Derrière le bijou, il y a toujours un homme – c’est-à-dire une femme. En me plongeant pendant trois ans dans les archives, les ateliers, les dessins, les livres de factures et de visites, j’ai pu mesurer la grande variété des clients, les puissants de ce monde, mais aussi des cocottes, des vedettes de l’ombre, des stars du cinéma, comme les Dolly Sisters dans les années 1930, ces sœurs hongroises devenues reines du music-hall aux États-Unis, et les clientes numéro un de Chaumet dans les Années folles. J’ai retenu des histoires vraies que jamais un écrivain n’aurait pu inventer ! Comme celle de la cassette de Catherine de Wurtemberg dérobée sur les grands chemins en 1814 par un ancien écuyer de son mari, le roi Jérôme Bonaparte, et retrouvée plus tard par un pêcheur à la ligne (par ailleurs fonctionnaire de police) dans la Seine.

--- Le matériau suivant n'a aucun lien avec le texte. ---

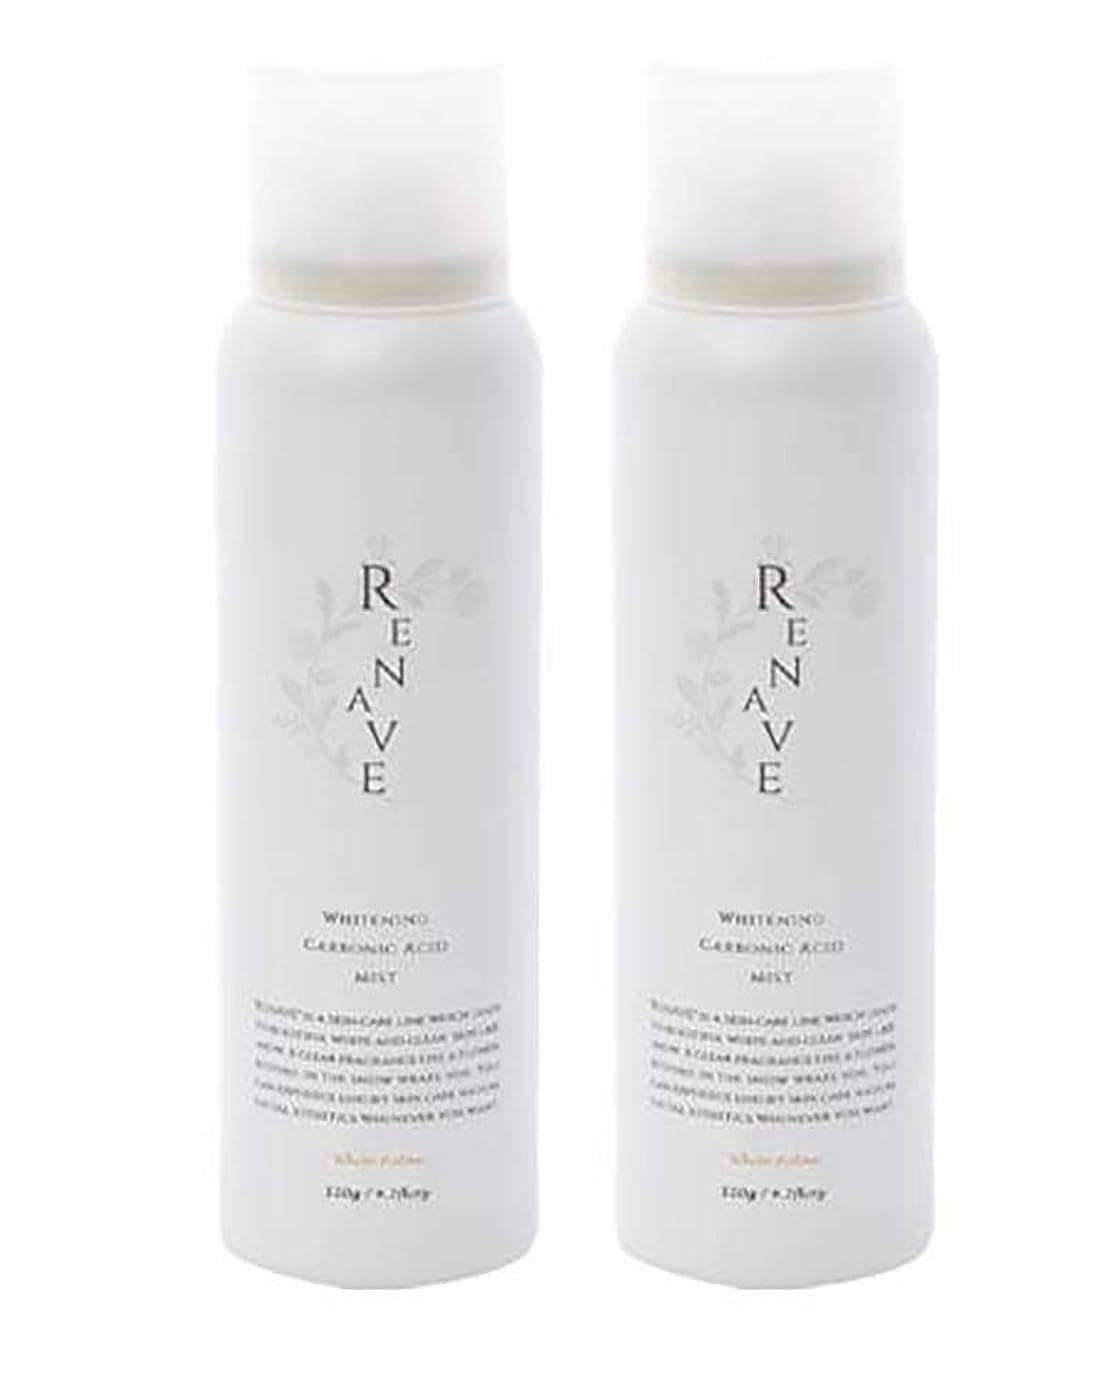 フィドル区別する省略するRENAVE(リネーヴェ) 高濃度炭酸ミスト 薬用美白化粧水 120ml 2本セット
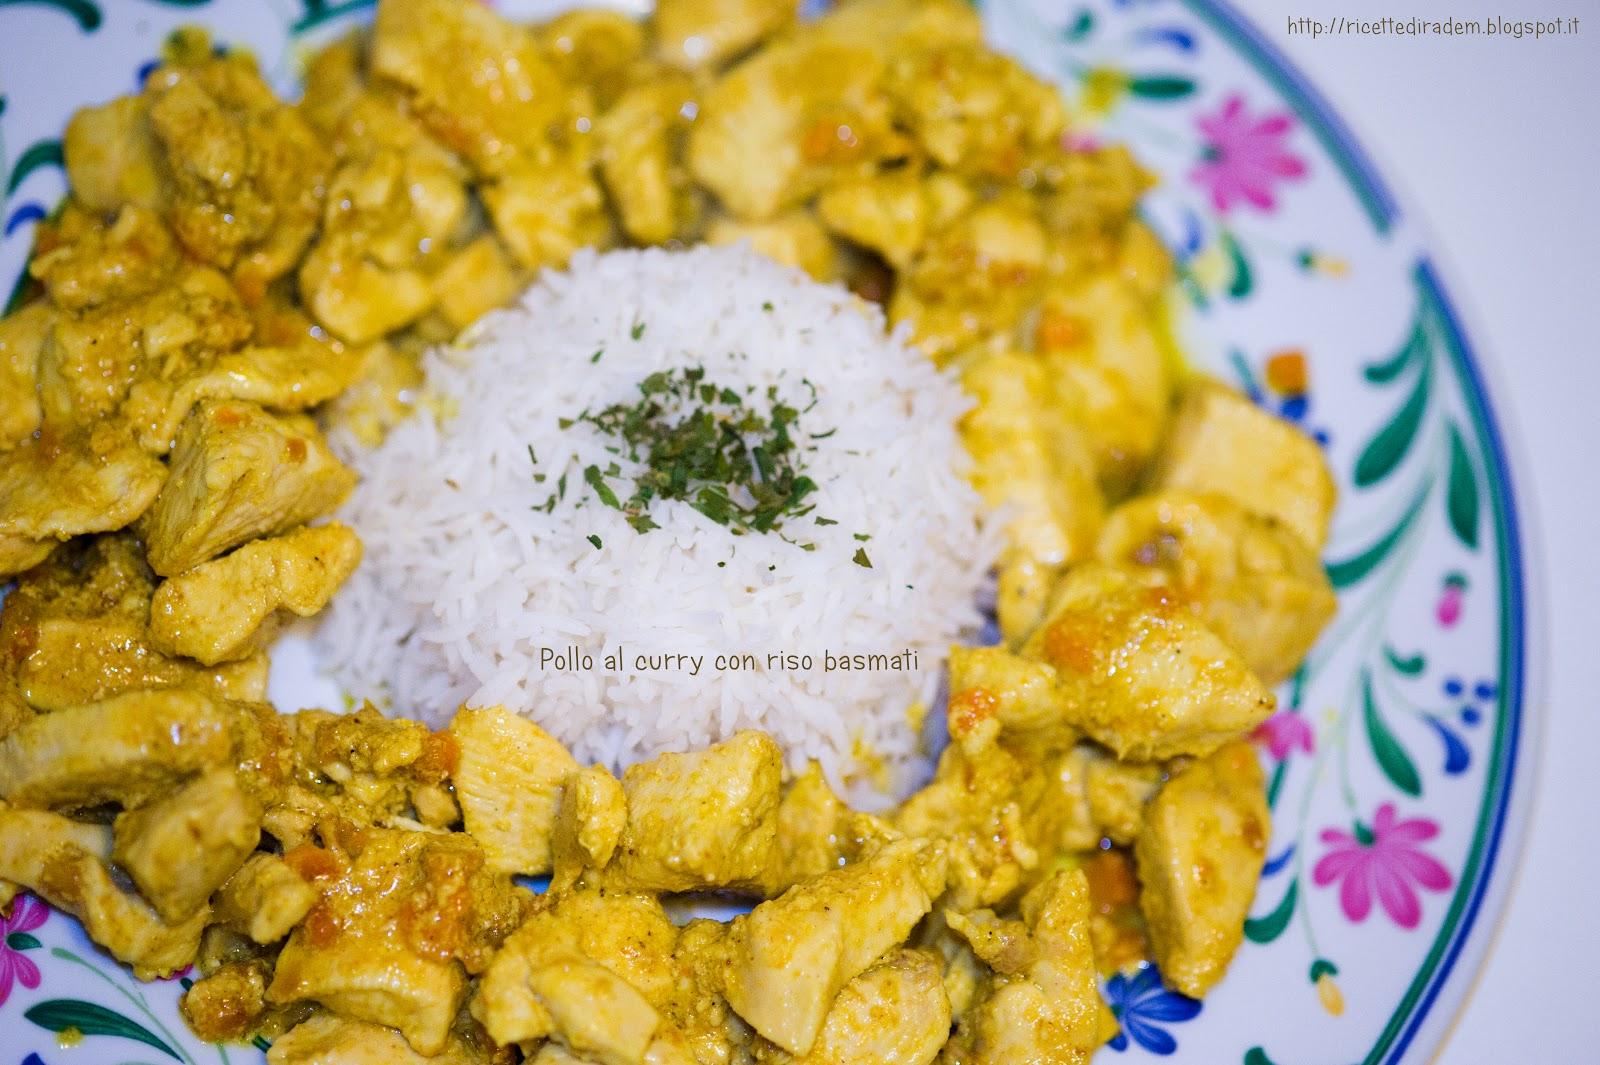 Ricetta pasta con pollo al curry

Quel est votre récit préféré ?
J’ai découvert grâce à Chaumet un Napoléon qui se fait représenter dans les circonstances officielles en mamamouchi d’opéra ! Un obsédé des diamants… Il en était couvert, des jarretières à la tête. Dans ce récit, je traite aussi de personnages féminins pourtant très connus mais pas sous ce jour, dans leur sensibilité. Lisez ce pas sage où l’impératrice Joséphine est répudiée par son mari. On lui demande de rendre les bijoux qui appartiennent à l’État et de ne garder que ses effets personnels, comme ce diadème signé Nitot, le prédécesseur de Chaumet, mais dont elle prétend que les diamants briolettes ont été remplacés par des pierres médiocres. Une commission d’enquête est alors ouverte et lui confirme que ce sont bien les pierres d’origine. La pauvre Joséphine comprit que, si, deux ans plus tôt, elle était, dans le reflet du miroir, une femme désirable, célèbre dans toute l’Europe et comblée, elle était désormais humiliée. Ses diamants paraissaient soudainement bien ternes. Un jour, un historien m’a dit : « Les pièces de haute joaillerie sont associées à ce qu’il y a de pire dans l’homme. » Tout le marketing consiste à dire que les diamants sont éternels, qu’un bijou scelle les amours à jamais. La vérité est plus complexe. Les bijoux, c’est la trahison, l’envie, la rivalité, le vol. Mais le travail des joailliers est admirable et les œuvres, un ravissement pour l’œil. Vraiment, le beau est une des plus puissantes consolations dans l’existence humaine.
Briller, de Laurence Cossé, aux Éditions Gallimard, 22 € en librairie.